Who really drives agricultural innovation?
24th March 2026Personal reflections on who really drives agricultural innovation, past and present.
Jim Orson, AFCP Trustee, started his career in the state-funded Agricultural Development and Advisory Service (ADAS) before becoming Director of the farmer-funded Morley Research Centre in Norfolk. He was then Technical Director of The Arable Group. Here Jim shares some thoughts on agricultural innovation.
A few months ago, I was in the archives of the Cambridge Central Library reading the 6th October 1770 issue of the Cambridge Chronicle and Journal. On the front page there was an advert (see picture) publicising a new two volume book written by the greatest agricultural commentator of his day, Arthur Young. It described a total of 2,000 field experiments carried out over five years on 300 acres (120 ha.). I have not had the opportunity to read these volumes but others have suggested that Young himself was responsible for the trials. It is also suggested that they were funded, at least in part, by a major landowner, the Marquis of Rockingham. It is a matter of record that Young and Rockingham shared a mutual passion for improving agriculture. Many of the experiments had a familiar ring to them such as rotations, cultivation type and depth.
Recently, I was reminded of this advert when reading comments from students claiming that it is now the small and medium sized farms that are the innovators for new approaches in farming methods. The implication is that large farming operations are purely motivated by money and have little or no interest in playing their part in investing in the future of the industry. I really do not know why these views have formed because I know from experience that they are patently wrong.
It was inevitable that in the 1700s, said to be the start of the age of enlightenment in farming, it was the large landowners who were the innovators. Not only did they have sufficient land and funds to try new approaches but they were also better educated and had travelled more widely.
The most recognised innovators of the 1700s were Jethro Tull, Turnip Townshend and Coke of Holkham. All had large farming operations and were educated at either the University of Oxford or Cambridge.
Despite his yeoman farmer sounding name, Jethro Tull was a country gentleman. He invented the corn drill in 1701. This was because he considered that far too much precious human and animal food was being wasted in the excessively high seed rates that his workers were sowing by hand. A few years later he took to wintering in the Languedoc region of Southern France. Here he observed that inter-row cultivations in vineyards in the spring were not only an efficient method of weed control but also resulted in the vines growing more strongly. We now know this was mainly due to the extra mineralisation of soil nitrogen.
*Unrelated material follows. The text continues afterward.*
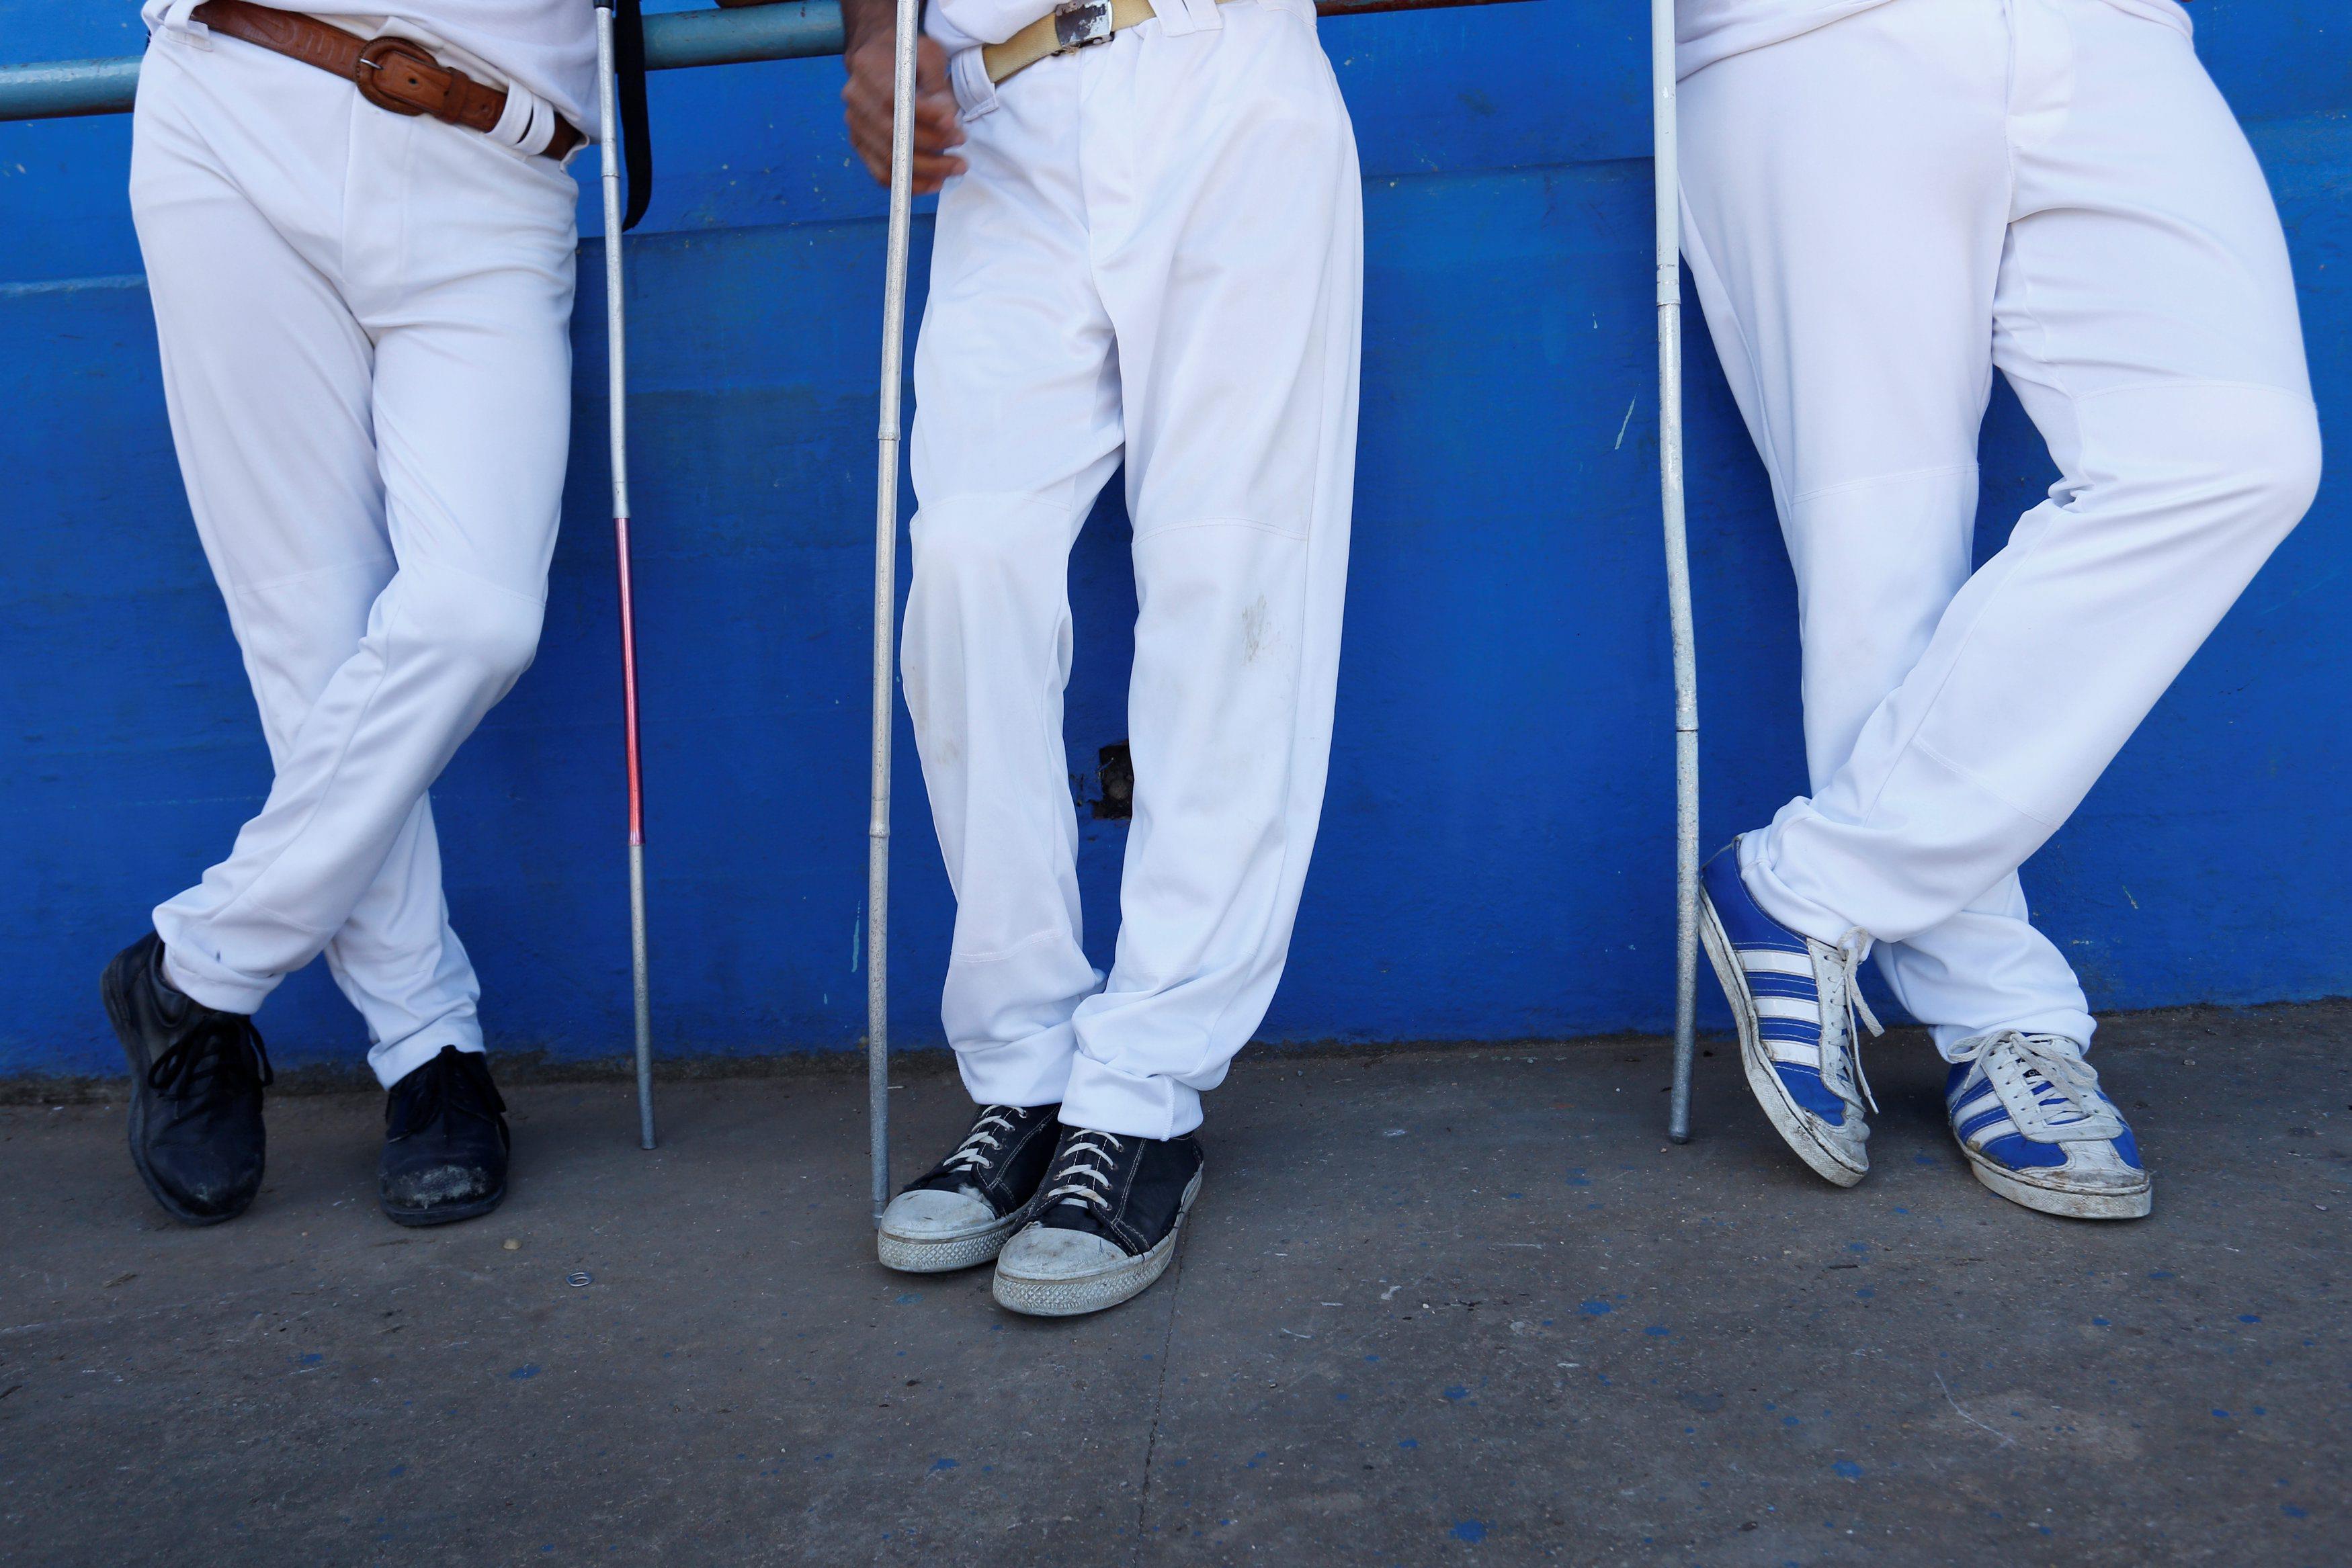 The visually impaired wait for a baseball lesson to begin at the Changa Medero stadium, in Havana

Hence, his subsequent invention of a horse drawn inter-row hoe for field crops.
His inventions were adopted by Turnip Townshend, the 2nd Viscount Townshend, when he was developing the Norfolk four course rotation. For the first time in the UK, this resulted in full summer fallows not being required to keep the land in cultivation. Perhaps it is no coincidence that Turnip Townshend had previously been the Government’s Ambassador to the Hague, in the vicinity of which similar rotations had already been adopted for decades.
Close to Raynham Hall where the four-course rotation was developed is Holkham Hall on the North Norfolk coast. Here, Coke of Holkham, 1st Earl of Leicester, adopted it on his huge estate as well as implementing selective animal breeding and other new knowledge. He promoted his ideas on model farms and demonstrated them to farmers and landowners. He was the first to attempt face-to-face knowledge transfer on a large scale, including using the most successful trick in the book, free lunches. Despite this, he complained that his efforts were poorly rewarded.
Nowadays, everyone has access to education and there are far less barriers to the transfer of information. This means that, along with relatively easy to adopt trials methodology and relatively cheap measurement and analytical methods, all can try to innovate. However, it is worth noting that speakers from two very large farming operations at recent BCPC events, demonstrated that big enterprises not only share with many ‘smaller’ farmers their obsession with soil health but also their desire to innovate.
Some of the innovations that these large farming operations are evaluating/adopting involve hi-tech and require a level of capital expenditure. They can afford to invest more and, of course, their greater cropped areas mean that the potential rewards are greater. Also, large farming operations tend to be preferred partners for researchers and technology companies. Innovation in smaller enterprises tends to be more focussed on low capital approaches, some of which may, at least initially, require more intensive management.
Hence, I cannot agree with the notion, held by some, that it is the small and medium sized farms which are leading innovation in agriculture. It is simply not true and unnecessarily divisive. We are, and must remain, all in this together.